Thursday, April 4, 2013

Commentary: Frustration and Timing

I am coming off the most frustrating 24 hours in my trading career as the BoJ sent the Yen tumbling nearly 400 pips off recent highs against the USD.  No sooner than had I publicly predicted a broader pullback did the BoJ send JPY surging downward.  The money figures aren't important.  My loss that I ended up booking six hours before the rally was underway was modest.  The frustration is that I literally had the worst timing possible.  I bought at the high and sold at the low.  

 As I examine what went wrong, I believe that it can be attributed to two factors.  First, I attempted to time the market, something that can be very profitable but is so difficult it usually bears no fruits.  Alas, the possibility also exists that EUR is now off its lows and I should have just aligned myself with the longterm upward trend last week instead of insisting on finding the exact low point.  

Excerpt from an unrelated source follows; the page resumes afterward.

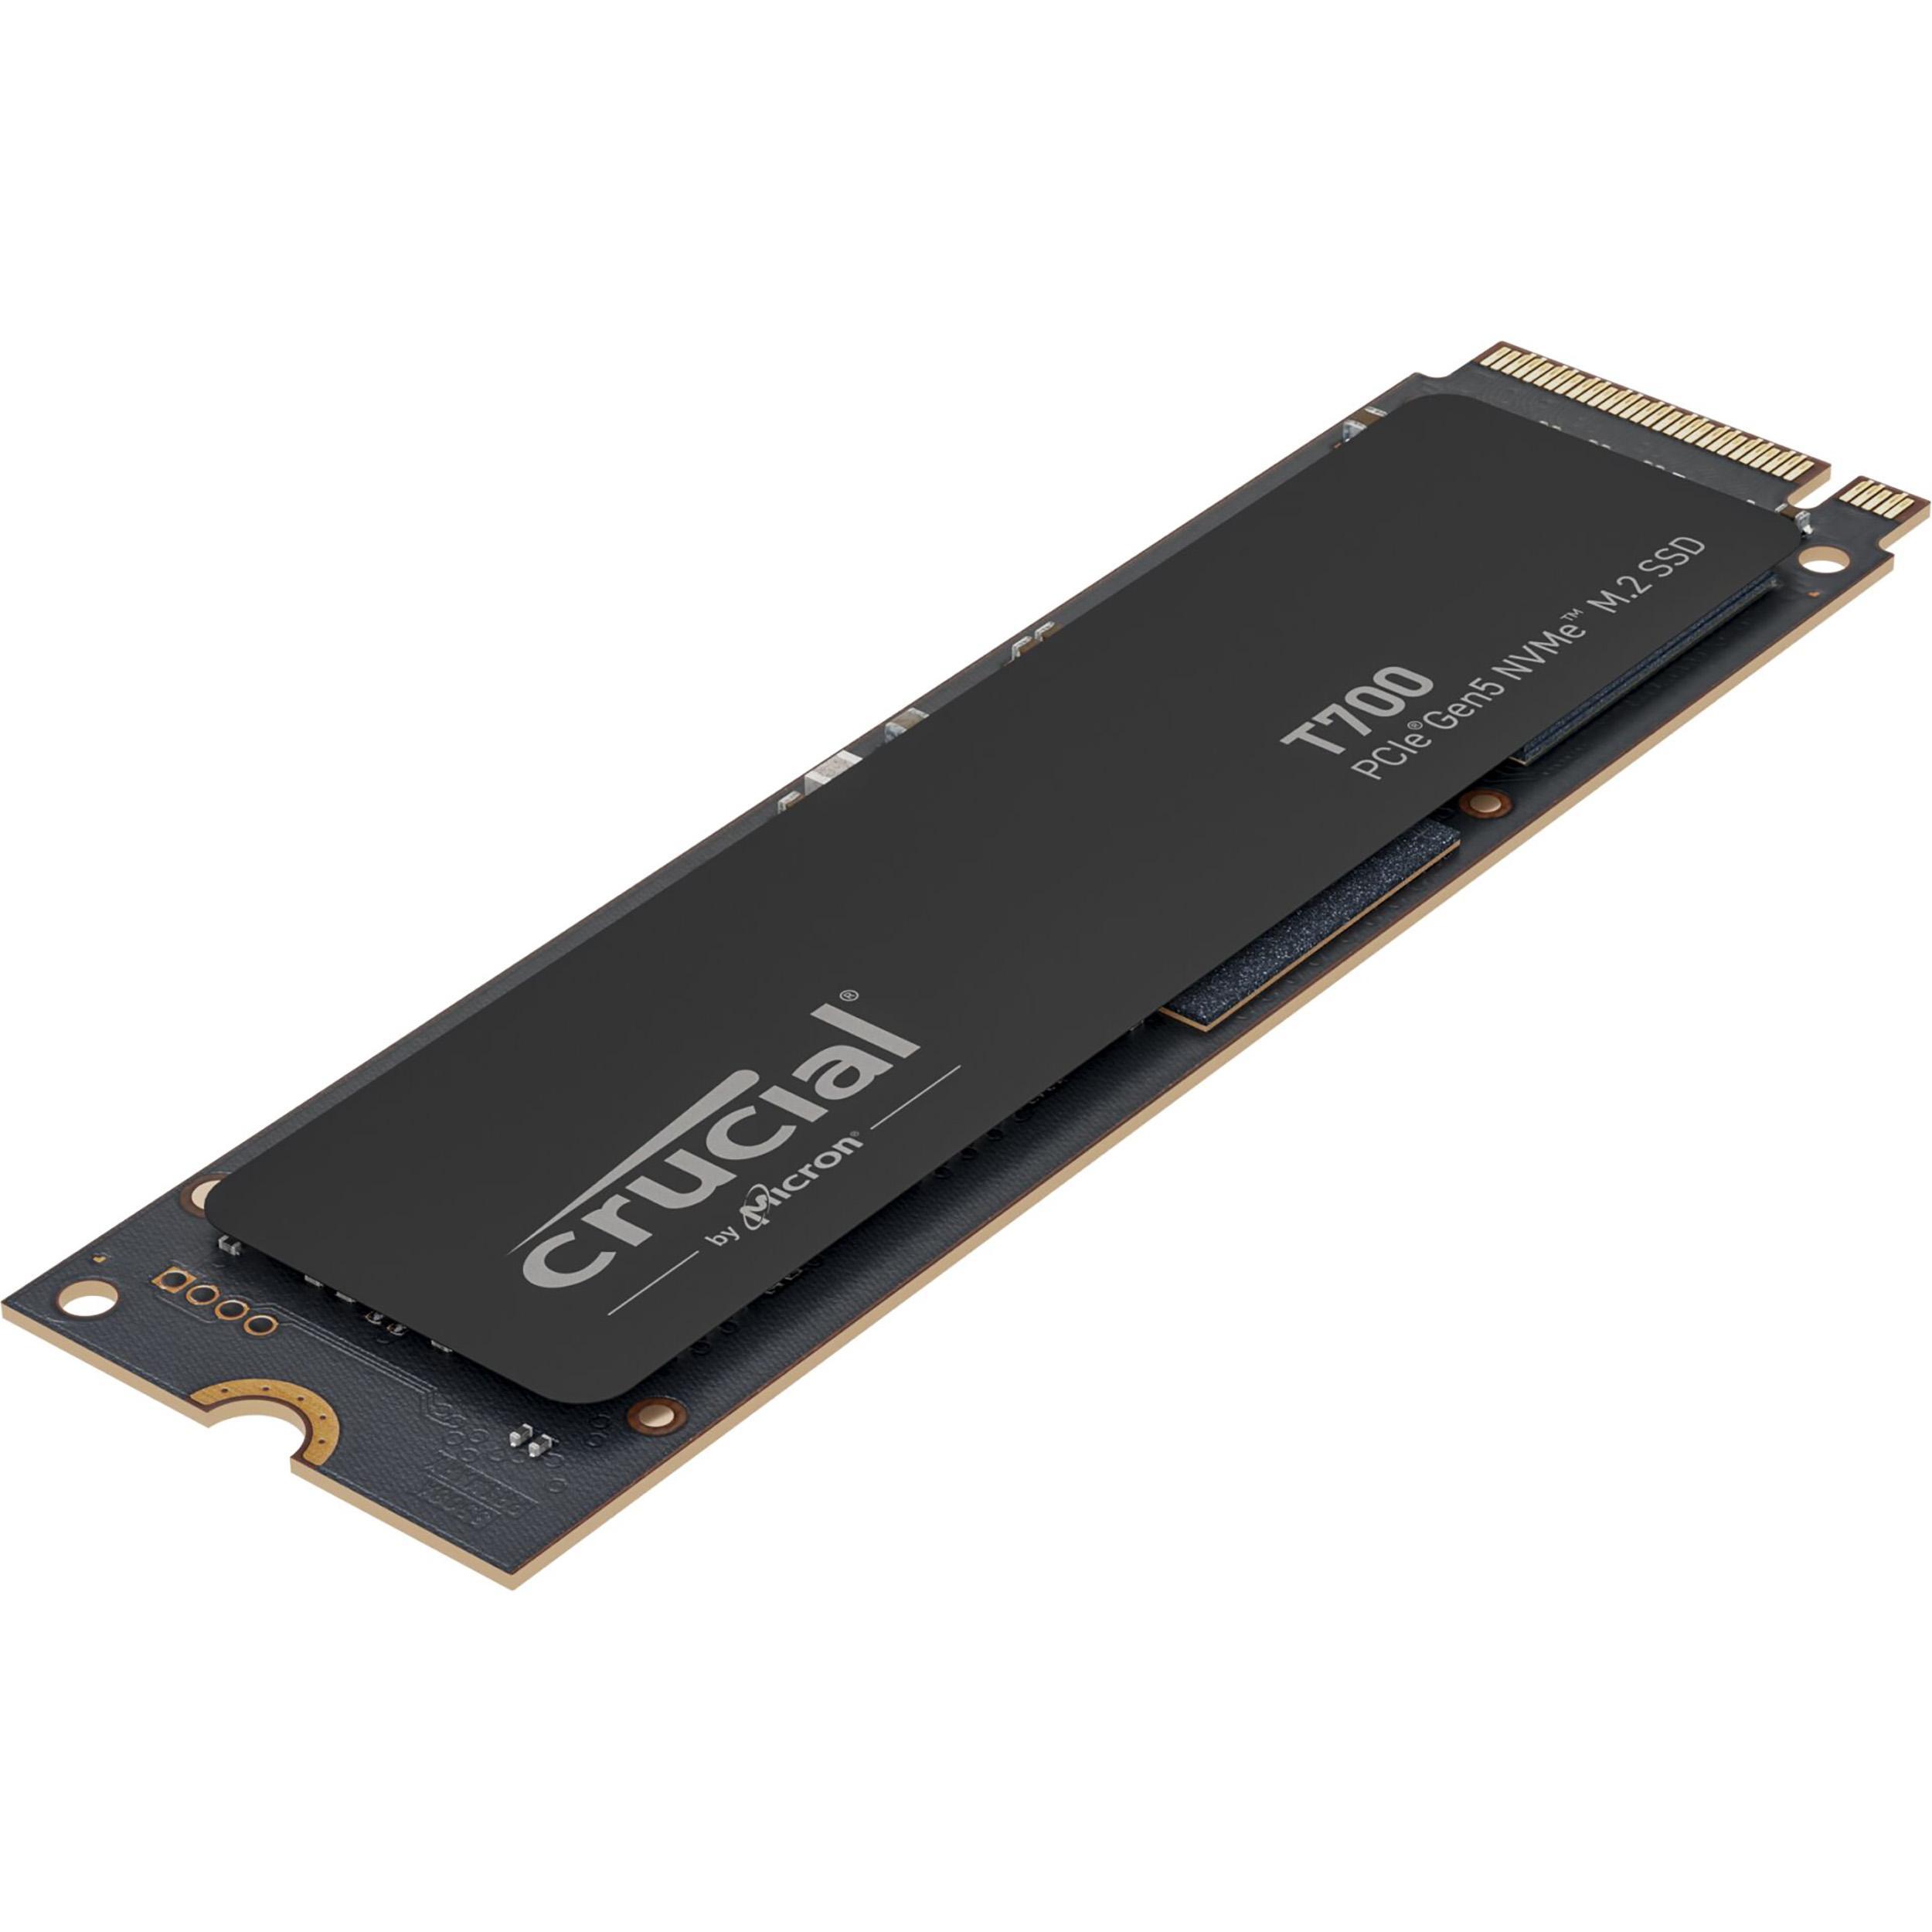 CRUCIAL T700 PCIe Gen5 intern NVMe, 2 TB via SSD SSD, M.2 NVMe

A related factor was failure to implement my original trade objective and purpose.  I bought USD/JPY a few weeks ago at 96.66 on the theory that the longterm trend was higher, even though a pullback may be in the cards.  I initiated a  very small position, and planned to buy into weakness.  However, as my EUR/CHF also started under-performing, I panicked and felt like I had to close some positions to stop paper losses from causing me to fall to far below earlier high water marks.  This is emotional trading.  Mathematically, the chance of a margin call was extremely remote, and so there is no excuse for allowing psychological discomfort to alter underlying convictions.  

The past twenty four hours have been a valuable lesson that thankfully have cost me very little.  Such is life as a trader.  Its hard to move on, but I must.  With US non Farm Payrolls twelve hours away, its a big day tomorrow.